Володя катал рюмку по клеёнке. У него было странное чувство, что происходящее не сильно напоминает обычный, необязательный и бессмысленный пьяный разговор. В подёрнутых водочным туманом мозгах эхом отдавался Веркин голос, а его перебивал чей-то другой, похожий на его собственный – а зачем ты, Вера, мне всё это высказываешь, как будто в сообщники меня записываешь? И чем я буду обязан или не обязан тебе, если кому-нибудь об этом расскажу? Что тогда предпримешь ты? Скажешь, так, трепались по пьяни? Он налил себе ещё, выплеснул водку в рот и поднял на неё налившиеся кровью глаза. Верка ухмыльнулась:
– Ладно, Вова, забудь, что видел и слышал. Скоро домой поедешь, всё у тебя хорошо будет. И женщину найдёшь такую, какую тебе надо. Только с уголовщиной не связывайся, себе жизнь сломаешь, ей жизнь сломаешь. Видишь, как оно всё кончается… – она снова подняла рюмку, – Давай-ка лучше ещё выпьем! Вова, сейчас Любаня со смены придёт, развеселит тебя!

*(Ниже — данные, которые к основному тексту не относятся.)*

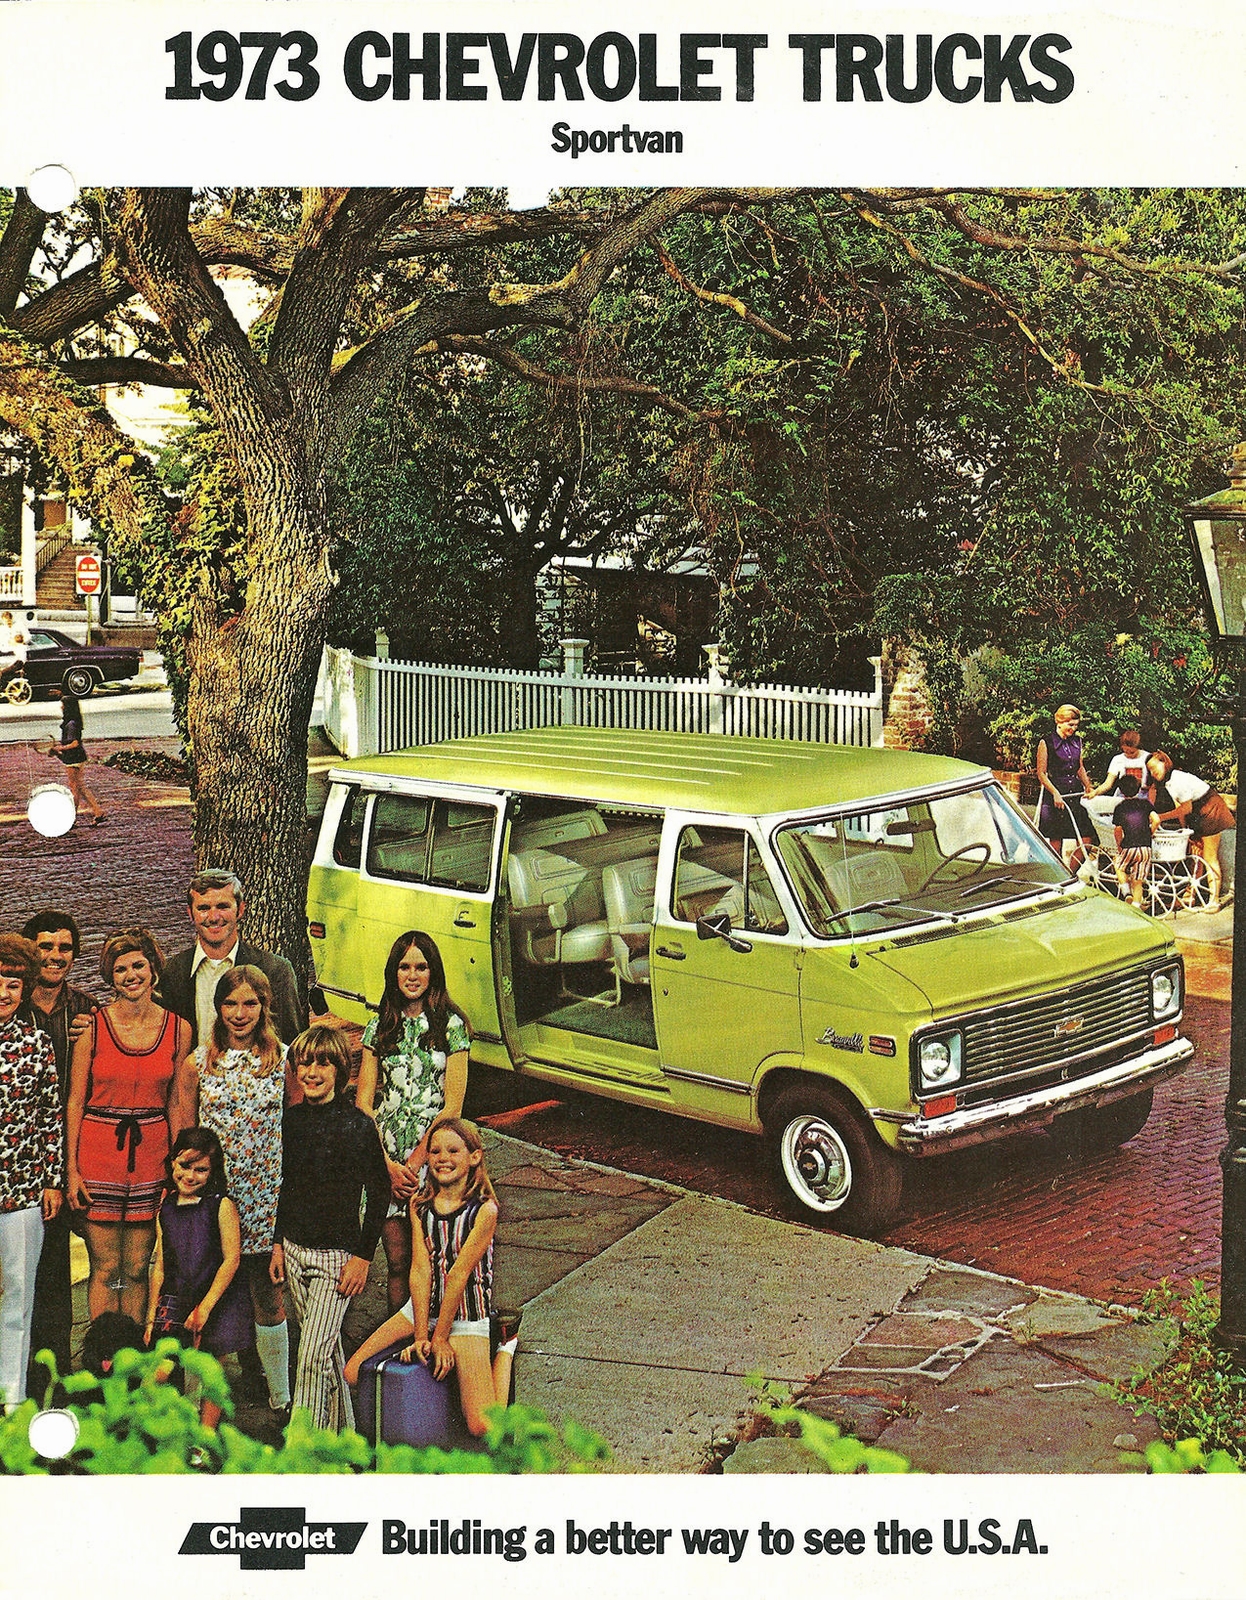 n_1973 Chevrolet Sportvan-01.jpg

Но Володя отрицательно помотал головой, поставил на стол рюмку и встал. Ноги слушались плохо, он, шатаясь, вышел из прокуренного барака и постоял, привалившись к стене, жадно вдыхая тёпловатый влажный воздух. Потом оттолкнулся от стены и медленно пошёл по направлению к казарме. Жидкая жирная грязь громко чавкала под кирзачами, он скользил, проваливался в промытые водой колдобины, увязал в них, взмахивал руками, пытаясь удержать равновесие. Полы расстёгнутого бушлата хлопали по бокам. Он пошарил рукой в кармане и обнаружил там ещё одну бутылку. Сорвал крышку и начал лить водку в рот, задыхаясь и кашляя от обжигающего вкуса.
Среди ночи он проснулся от колотившего всё тело озноба, попытался закутаться поплотнее в одеяло, но почувствовал идущий изнутри жар. Выворачивало все суставы, горло пересохло и горело. Он спустил ноги со шконки, посидел немного, привыкая глазами к предутреннему полумраку. На соседней койке беспокойно ворочался Толян, Володя даже не слышал, как и когда друг вернулся от Верки. Володя встал на слабые ноги и, хватаясь руками за спинки кроватей, почти выполз в коридор, где дремал на посту дневальный. Он, еле продрав глаза, отмахнулся от Володи, мол, что я тебе, скорая помощь? Терпи до подъёма, сходишь в медпункт…
Он вернулся в казарму и снова улёгся, пытаясь согреться и хватая сухим горящим ртом спёртый воздух. Из медпункта его отправили на вовремя подвернувшемся автозаке, шедшем на встречный конвой, в гарнизонную больницу, он едва успел заскочить в казарму за сменой белья, прихватив и серый томик рассказов Джека Лондона. И теперь, одурев от таблеток и уколов, лежал в набитой до отказа огромной палате, почти невидящим взглядом скользя по страницам: «Смех Джой Молино был приятен для слуха, даже когда в нём звучала издёвка. Харрингтон не придал ему значения. Он был приручен уже давно. Да и не он один. Джой Молино терзала подобным образом всех своих поклонников. К тому же она была так обольстительна сейчас – жгучие поцелуи мороза разрумянили ей щёки, смеющийся рот был полуоткрыт, а глаза сверкали тем великим соблазном, сильней которого нет на свете, – соблазном, таящимся только в глазах женщины… Луи Савой вихрем пролетел мимо. Харрингтон поднялся на ноги и увидел, что его соперник мчится через реку к приисковой конторе. В эту минуту он невольно услышал разговор у себя за спиной: «Он? Да, он очень хорошо шёл, – говорила Джой Молино лейтенанту. – Он… как это говорится… задал темп. О да, он отлично задал темп».11
Он отбрасывал книжку, потом снова брал её в руки, листал и никак не мог понять, в чём тут дело, почему эти, казалось бы, совсем не относящиеся к нему строки так беспокоят его. А он-то сам что, тоже задал темп и вывалился из упряжки в сугроб? Отлёживается тут, в больничке, а Алёне, наверное, каждый день, каждую минуту грозит опасность. Но продолжал молчать, всё больше чувствуя себя подельником несимпатичной, почти совсем опустившейся Веркой-поварихой. От этих мыслей становилось ещё хуже, и двустороннее воспаление лёгких всё продолжалось, немало удивляя врачей – убойные дозы антибиотиков совсем не приближали выздоровления.